The ruling overturns a contrary decision of a three-judge panel in the case, which was brought by four longtime employees of AT&T Corporation and their union. The women, who took pregnancy leaves between 1968 and 1976, claimed that a company policy of not counting pre-PDA pregnancy leaves in calculating service time under early retirement and pension plans, while calculating temporary disability leaves based on other conditions, violates the PDA.

The PDA provides that discrimination “because of or on the basis of pregnancy, childbirth, or related medical conditions” is treated as “discrimination on the basis of sex” under Title VII.

1979 Change

AT&T and its predecessors have given full service credit under their benefit programs for pregnancy leave since the PDA became law in April 1979. From August 1977 until then, the companies allowed 30 days’ credit for leave before delivery and six weeks after delivery.

Before that, the companies gave a maximum of 30 days’ credit for pregnancy leave, even though other forms of medical leave were not so limited.

In addition, the plaintiffs alleged, women were forced to take pregnancy leave before it became medically necessary, whereas workers who anticipated temporary disability leave were allowed to continue working until it became necessary to begin their leaves.

Also, if an employee suffered a non-pregnancy-related disability while on pregnancy leave, she could not claim credit for the period of disability, while other workers who suffered new disabilities while on leave could receive credit for the entire period of disability.

U.S. District Judge Martin Jenkins of the Northern District of California granted summary judgment in favor of the plaintiffs, holding that Pallas v. Pacific Bell, 940 F.2d 1324 (9th Cir. 1991), was controlling.

Earlier Case

The Pallas court held that pre-PDA pregnancy leaves must be treated the same as other temporary leaves in calculating benefits due in the post-PDA era. The court reasoned that actionable discrimination occurs each time the company calculates benefits based on the former policy.

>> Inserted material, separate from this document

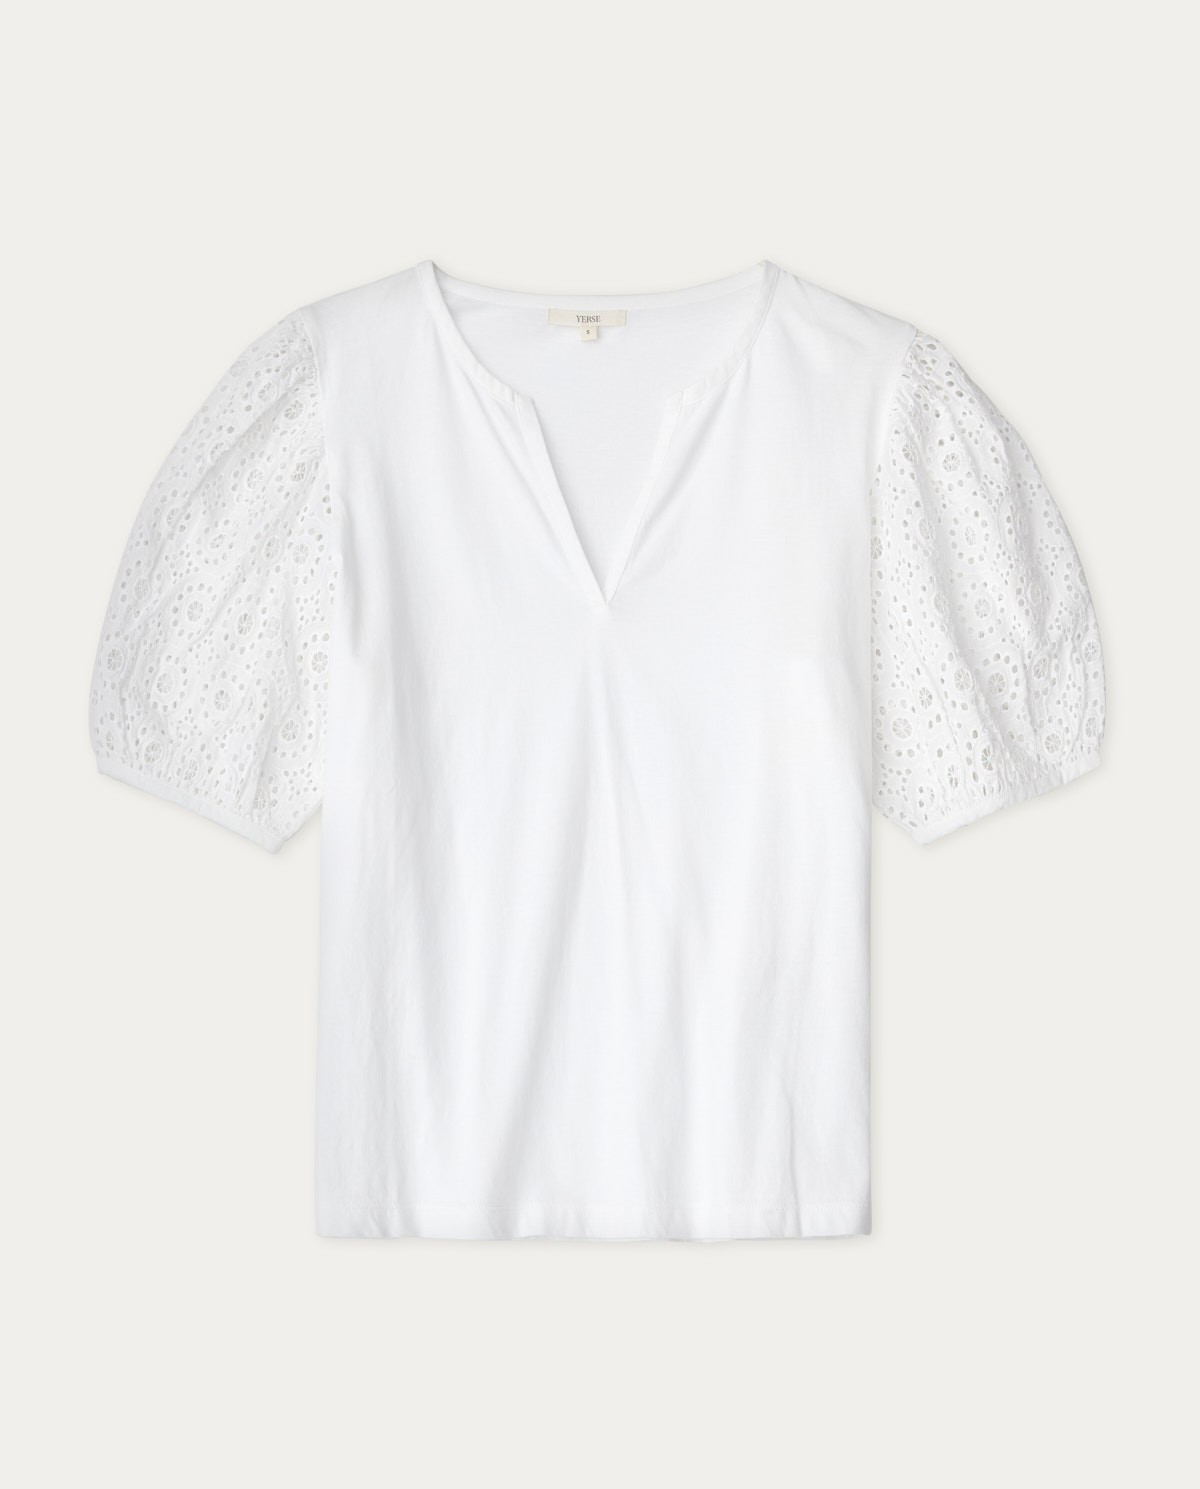 Cotton t-shirt embroidered sleeves White 4

In a 2-1 decision, the Ninth Circuit panel reversed, saying Pallas was “clearly irreconcilable” with  Landgraf v. USI Film Prods., 511 U.S. 244 (1994) on the issue of retroactivity.

But Judge Kim Wardlaw, writing Friday for the limited en banc court, said the two cases could be reconciled and that the three-judge panel should have followed existing circuit authority. She also concluded that Pallas was correctly decided because it is consistent with the language of, and the policy behind, Title VII and the PDA.

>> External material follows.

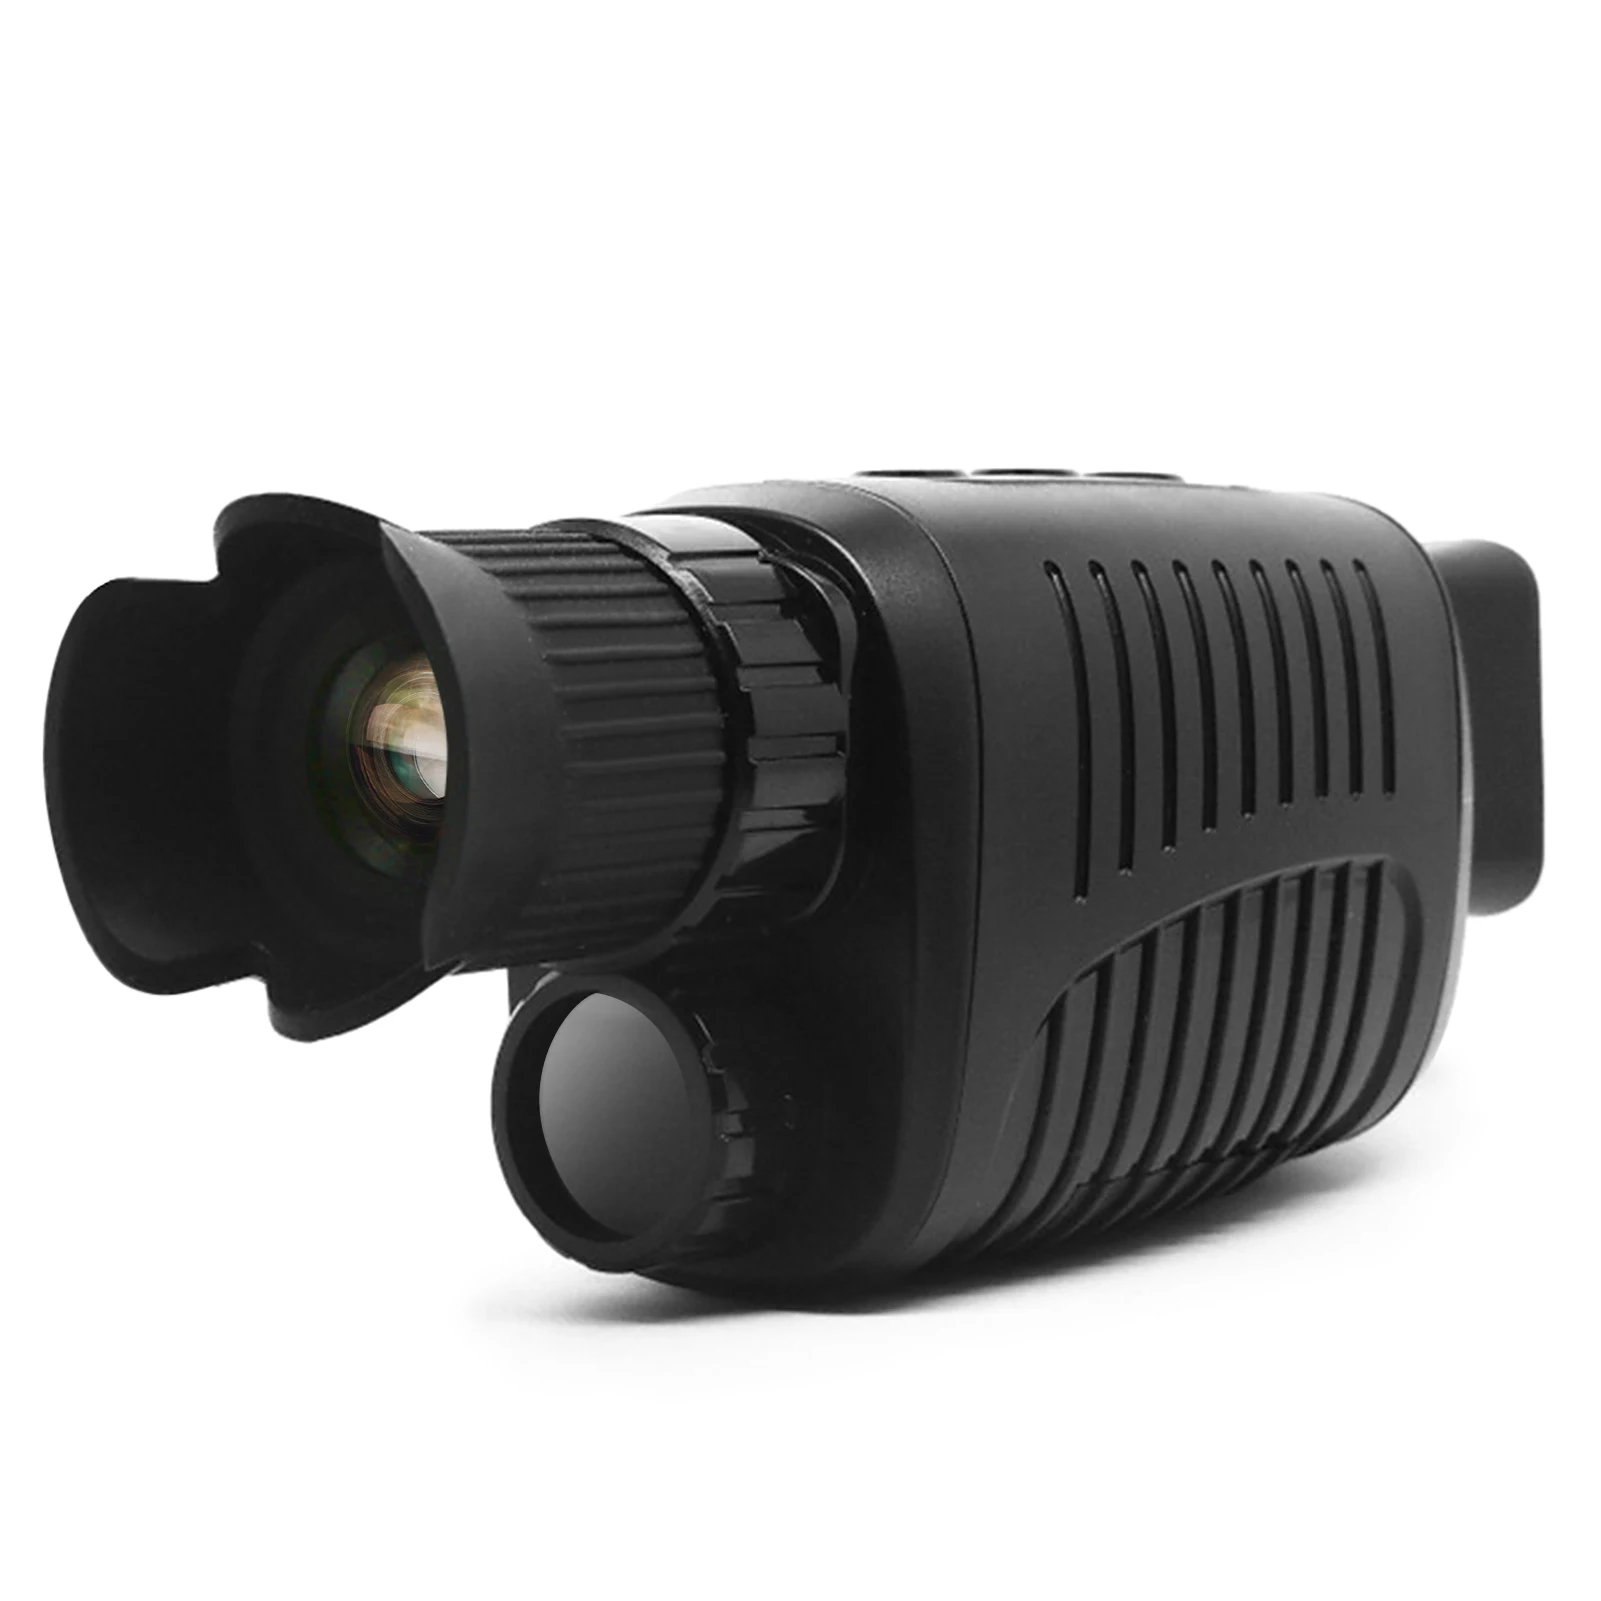 1080P Digital High Definition Infrared Night Vision Monocular 5X Digital Zoom Full Colored Night Vision with 1.5'' Screen

She noted that the PDA contains an “express legislative directive” that “nothing in section 2000e-2h of this title”—the portion of Title VII that precludes liability for unintentional discrimination resulting from bona fide seniority systems—“shall be interpreted to permit” discrimination based on pregnancy.

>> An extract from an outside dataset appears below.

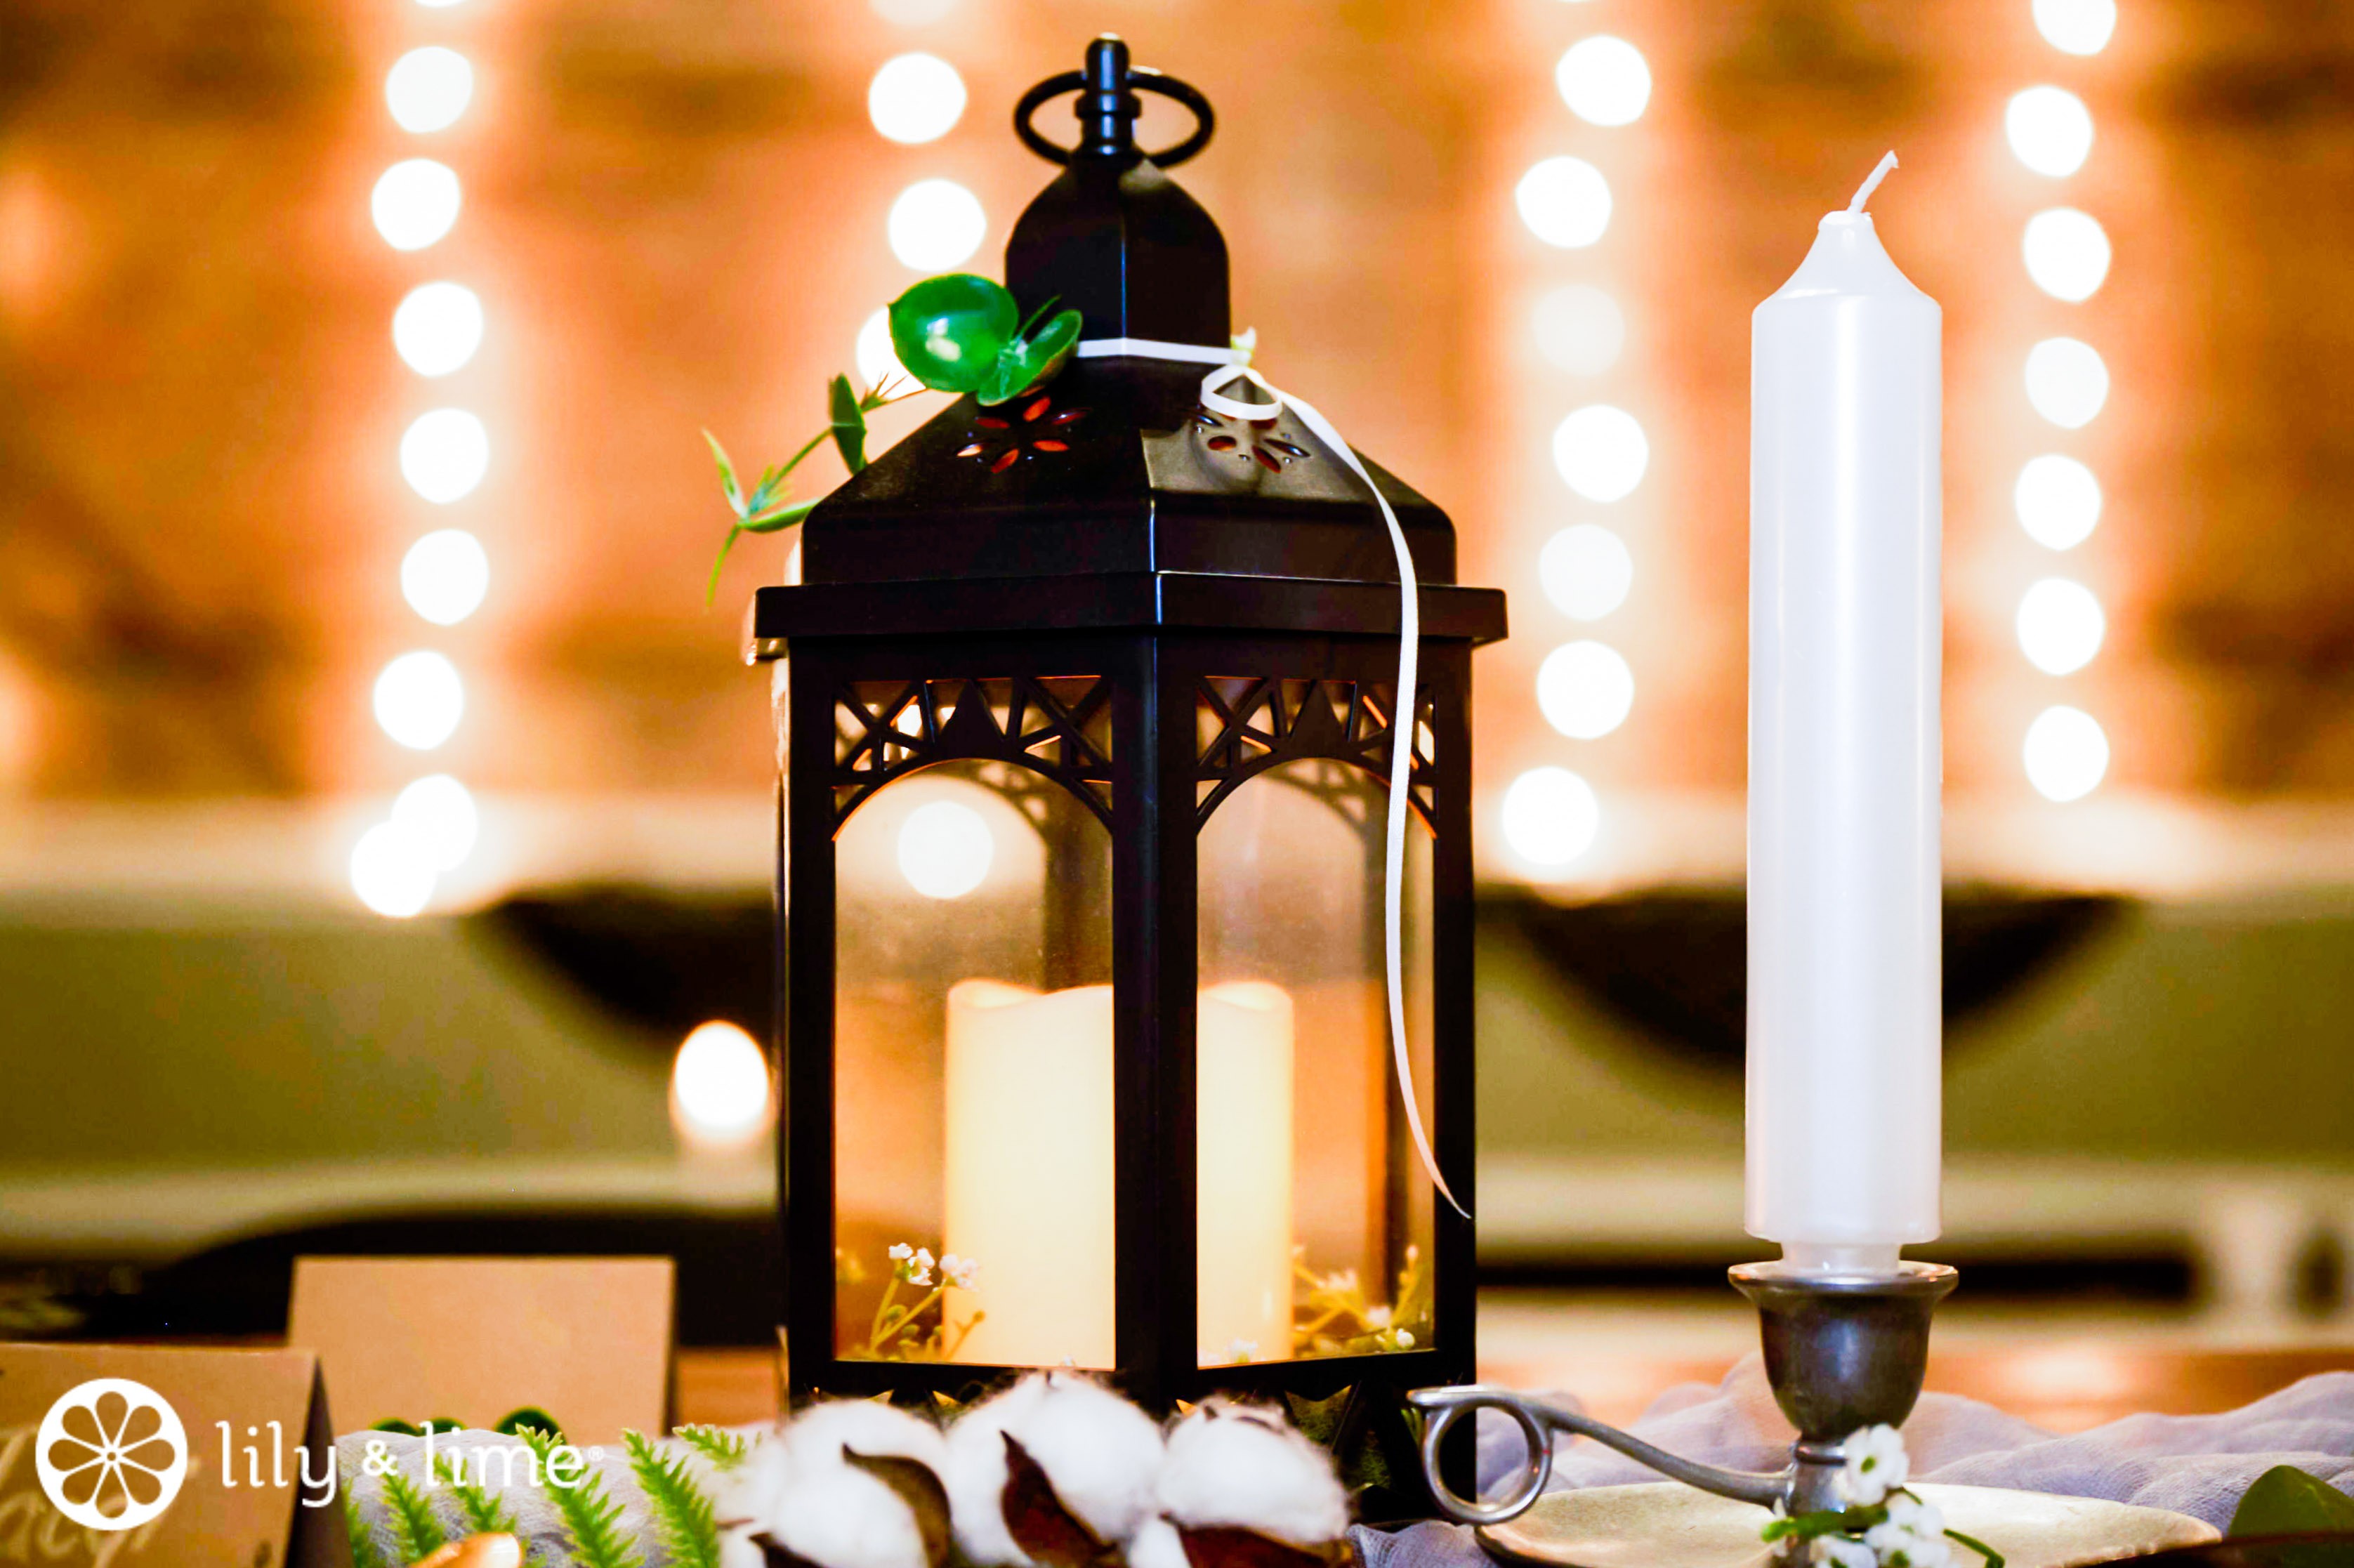 Reception table setting details - Black tablecloth, white candles, black  birdcage with white and green floral arrangement

Courts holding that pre-PDA pregnancy leaves need not be credited on the same terms as other leaves, Wardlaw said, have relied on Sec. 2000e-2h while ignoring the portion of the PDA that provides to the contrary.

The opinion was joined by Chief Judge Mary M. Schroeder and Judges Stephen Reinhardt, Michael Daly Hawkins, Susan P. Graber, M. Margaret McKeown, William Fletcher, Raymond C. Fisher, Ronald M. Gould, Richard A. Paez, and Marsha Berzon.

Judge Pamela Rymer, who dissented from the three-judge panel opinion, joined the part of the majority opinion holding that Pallas was binding on that panel.

Judge Diarmuid F. O’Scannlain, joined by Rymer and Judges Jay S. Bybee and Consuelo M. Callahan, argued in dissent that Sec. 2000e-2(h) precludes the rule adopted by the majority. The language in the PDA quoted by Wardlaw, O’Scannlain argued, “has surface appeal [but] cannot bear the burden [the majority] attempts to place upon it.”

Congress, O’Scannlain wrote, did not intend to make Sec. 2000e-2h inapplicable to all pregnancy discrimination suits. Rather, the pre-PDA practices are valid if they were part of a “bona fide” seniority system and there was no intent to discriminate against pregnant women, the dissenting jurist argued.

The case is Hulteen v. AT&T Corporation, 04-16087.